NOW, THEREFORE, in consideration of the premises and the mutual
agreements herein set forth, the parties hereby agree as follows:
SECTION 1. AMENDMENT TO SECTION 7(B) OF THE RIGHTS AGREEMENT.
Section 7(b) of the Rights Agreement is hereby amended by deleting the
reference to the initial dollar amount of the Purchase Price designated therein
as "$30.00" and replacing it with "$75.00."
SECTION 2. AMENDMENT TO EXHIBIT A OF THE RIGHTS AGREEMENT. (a)
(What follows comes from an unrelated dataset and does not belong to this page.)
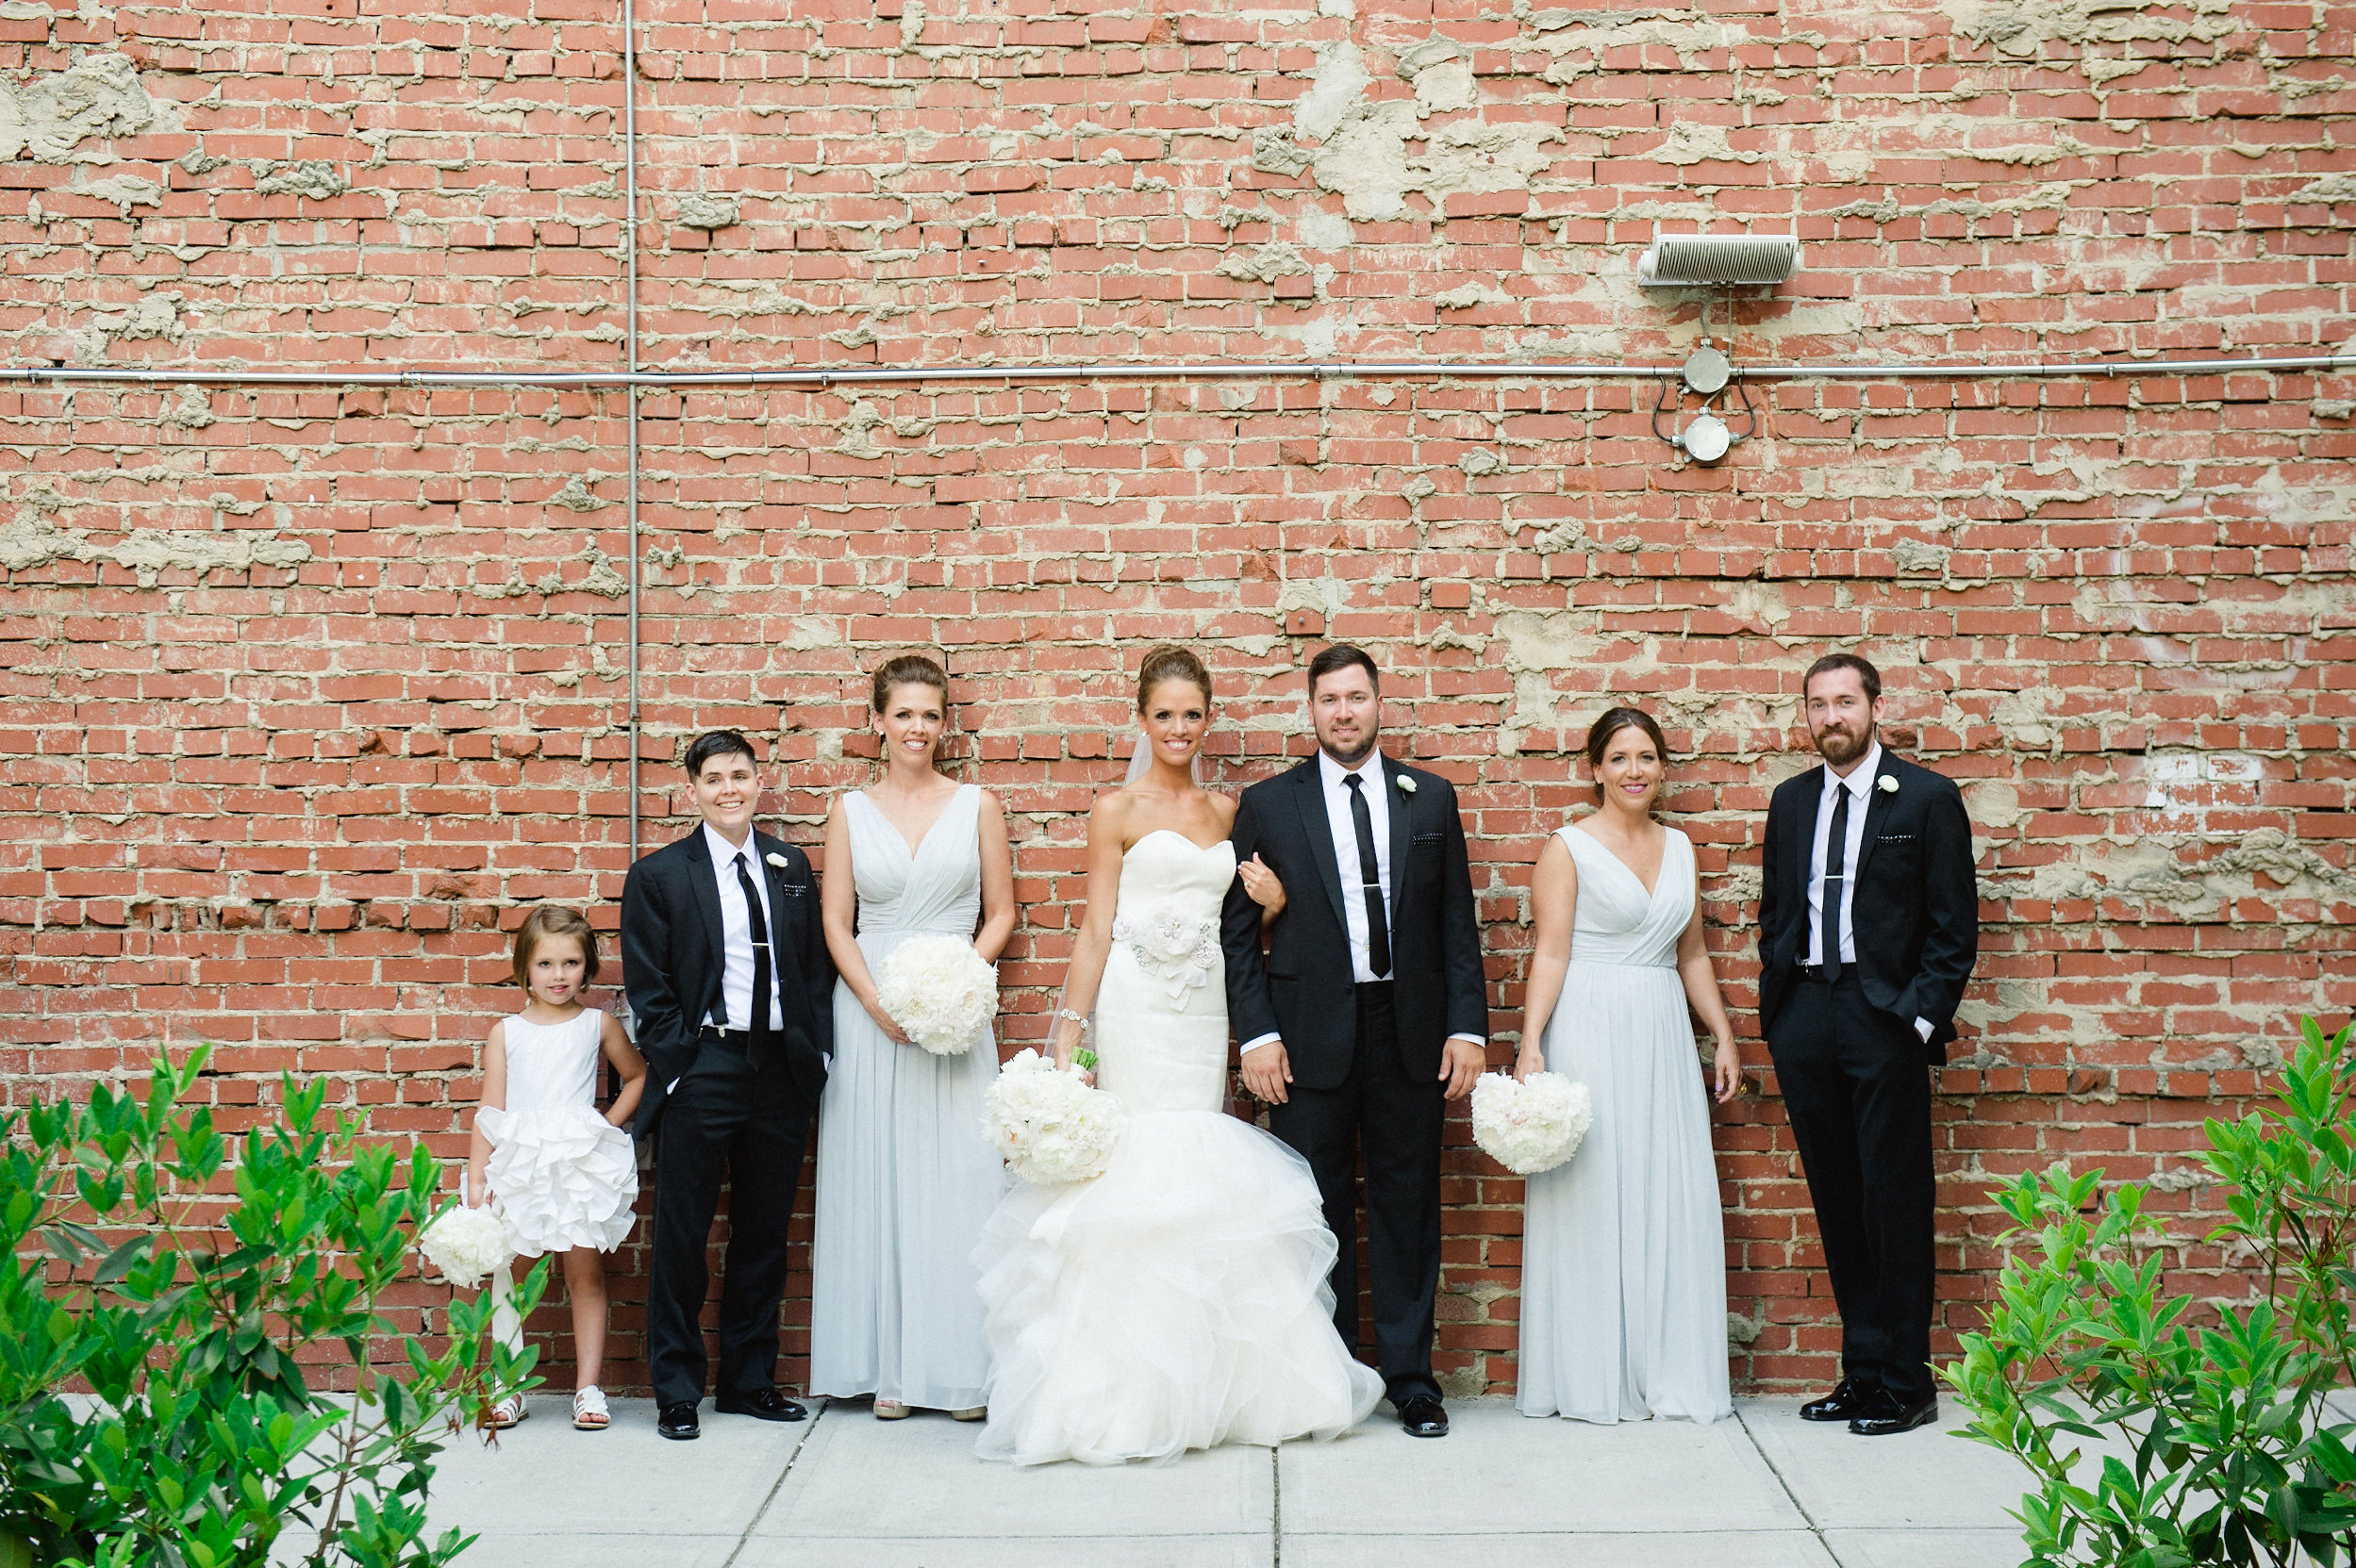 shelby&jordan|smitten&hooked|wedding|groups-079.jpg

The first paragraph of Exhibit A of the Rights Agreement is hereby amended by
deleting the reference to the initial dollar amount of the Purchase Price
designated therein as "$30" and replacing it with "$75.00."
(b) The first paragraph of Exhibit A of the
Rights Agreement is hereby amended by deleting the reference to the par value
of the Junior Preferred Stock designated therein as "without par value" and
replacing it with "$1.00 par value per share."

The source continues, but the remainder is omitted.